Wanted to write just to say that your music has been such a huge influence on my own.

I am 36 and have been writing music since 1988. I first heard you when I watched a promo concert video prior to the release of Facelift. I was really into Slayer and heavy bands like that at the time. But when I heard the harmonies that Jerry and Layne were pulling off, it totally inspired me. You could actually play heavy and use melodic vocals and still get a dark sound. This was a turning point in my life as a musician.

I began experimenting with my vocals and found that I was a much better vocalist than I had ever known, warming up to the vocal lines on Dirt not only allowed me to strengthen and build my voice, but gave me a new direction.

In 1997, some friends in Portland, (a band called British Steele), started playing a lot of shows with other tribute bands like War Pigs. This gave me an idea, why not play AiC songs and jump on the bill? So, some friends of mine consisting of current and past band-mates, created a band called Facelift.

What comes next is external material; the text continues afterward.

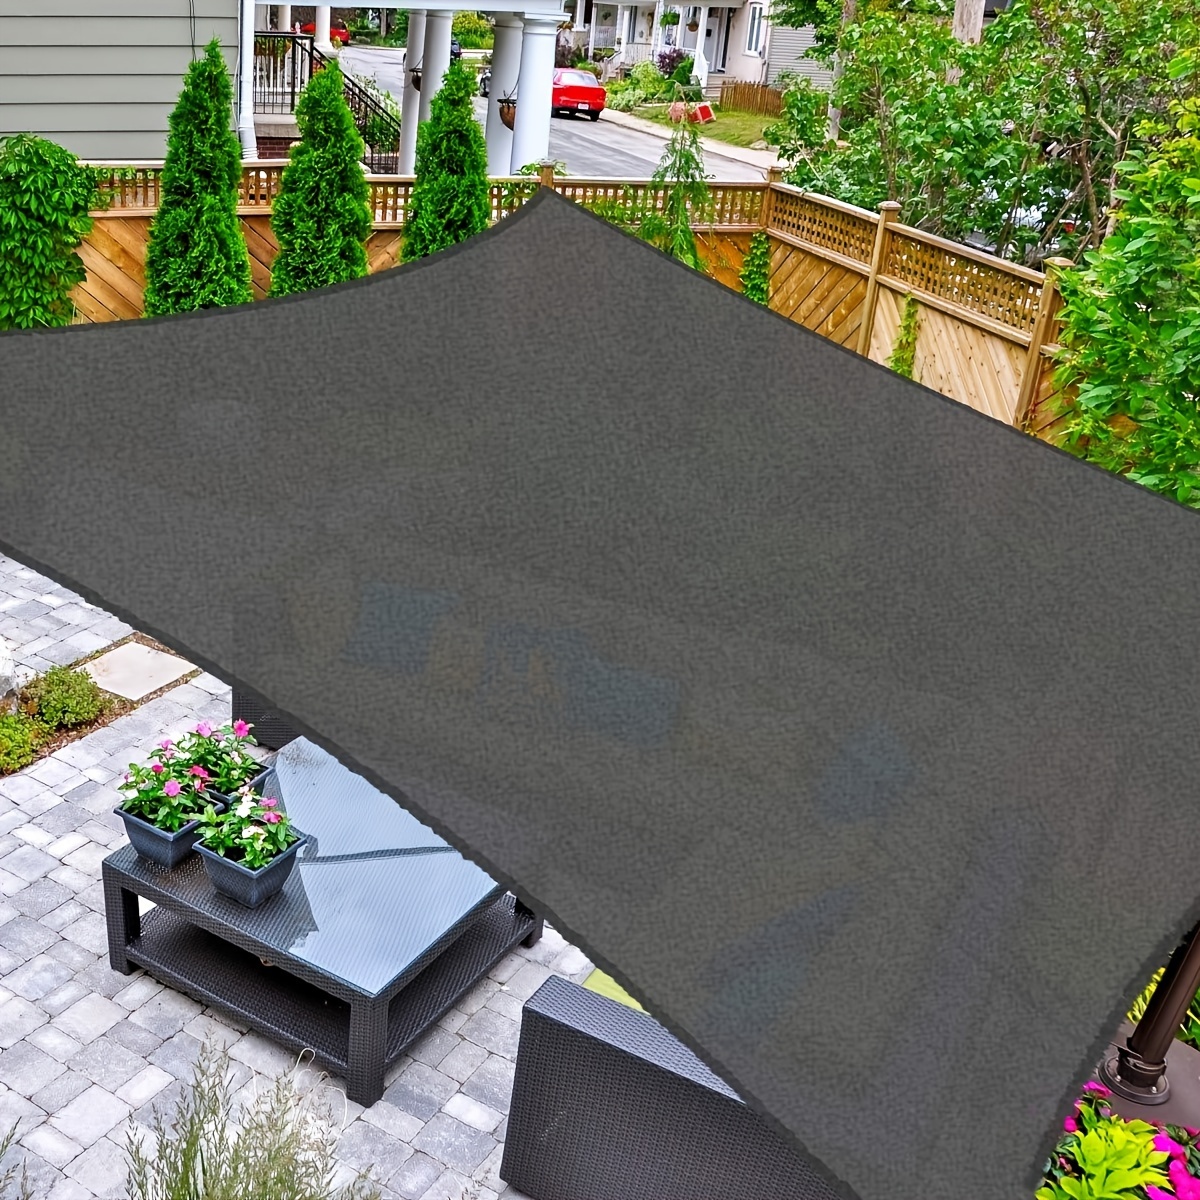 

Sun Shade Rectangle, 12' X 16' Uv Block Canopy For Patio Backyard Lawn Garden Outdoor Activities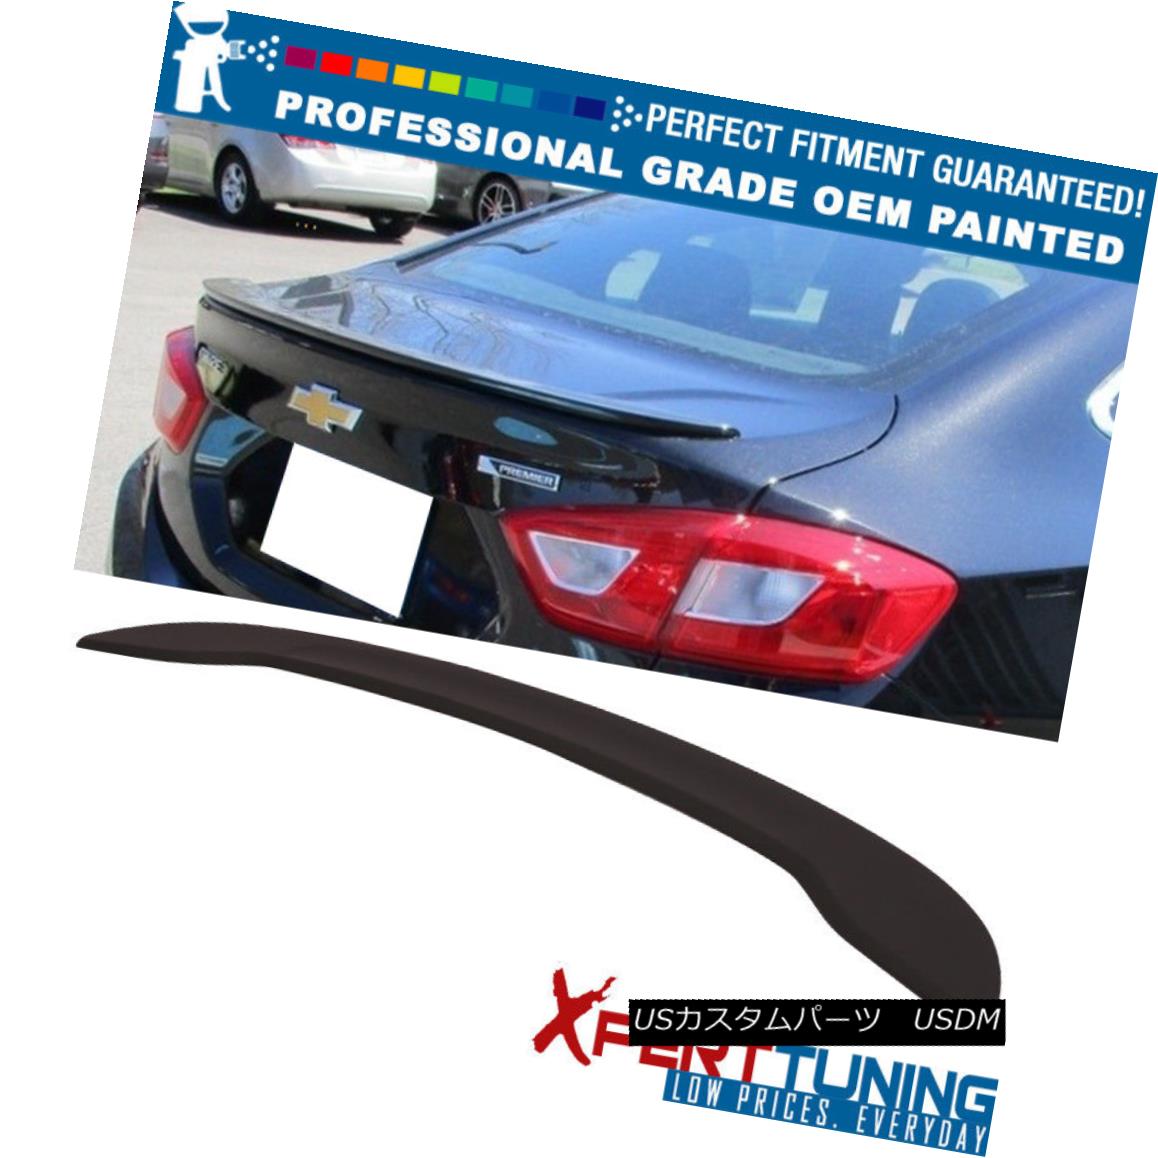 Fits 16-18 Chevy Cruze OE Factory Style Trunk Spoiler Wing - OEM Painted Colorカテゴリエアロパーツ状態新品車種ChevroletメーカーCruze発送詳細送料一律 1000円（※北海道、沖縄、離島は省く）商品詳細輸入商品の為、英語表記となります。 Condition: New Brand: Xpert-Tuning Warranty: Yes Manufacturer Part Number: AST-CCRUZ16OEFM-A&ASK-COLORCODE STYLE: OE Style Interchange Part Number: Plastic Lip OE Part Number 84069483 Details: Instructions are not included Other Part Number: Rear-Trunk-Lip-Spoiler-Wing-Whale-Tail-Add-On Material: ABS Placement on Vehicle: Rear※以下の注意事項をご理解頂いた上で、ご入札下さい※■海外輸入品の為、NC,NRでお願い致します。■フィッテングや車検対応の有無については、画像と説明文よりお客様の方にてご判断をお願いしております。■USのカスタムパーツは国内の純正パーツを取り外した後、接続コネクタが必ずしも一致するとは限らず、加工が必要な場合がございます。■商品説明文中に英語にて”保障”に関する記載があっても適応はされませんので、ご理解ください。■初期不良（到着より7日以内）のみ保証対象とします。ただし、取り付け後は、保証対象外とします。■海外倉庫から到着した製品を、再度国内で検品を行い、日本郵便または佐川急便にて発送となります。■お届けまでには、2〜3週間程頂いております。ただし、天候次第で多少遅れが発生する場合もあります。■商品落札後のお客様のご都合によるキャンセルはお断りしておりますが、商品落札金額の30％の手数料をいただいた場合のみお受けいたします。■他にもUSパーツを多数出品させて頂いておりますので、ご覧頂けたらと思います。■USパーツの輸入代行も行っておりますので、ショップに掲載されていない商品でもお探しする事が可能です!!お気軽にお問い合わせ下さい。&nbsp;

We opened for L.A. Guns on one occasion. The set started with "We Die Young" followed by "Them Bones" and "Dam that River" in order to play the drop tuned songs together, about 12 -15 songs total. Well, AiC weren't touring at the time, so people really got into it.

We played many shows at EJ's and Mt. Tabor Theater in PDX about 15 shows in all and always, the house was packed to capacity. I remember people telling me that we really did the music justice and that we sounded just like the records. I think it was due to the fact that every time I listen to AiC albums the emotion that is projected is so strong that I feel it to my soul, I felt connected to the music, so I would practice singing the songs all day, everyday, until I had them all down, note for note. But, needles to say, Layne Staley is a legend, and I have to say I don't even hold a candle to his talent. Furthermore,.. my heart broke the day I heard that Layne died. I guess that the ones that truly make you feel through their music are tortured to some degree, and people recognize and relate to that pain, you could truly almost understand his feelings when you listen to him sing, at least I think I do.

I don't now how I expect this little story to be received, but I guess the bottom line is this.

Thanks Jerry, Sean, Mike and Mike S. and especially to Layne for inspiring me in such a way that I was able to push myself to find my own voice, and learning to project emotion through inflection, tone and vibrato. This has enabled me to write original music that make people feel or connect to their emotions. I know it's only Rock-n-Roll but I love it.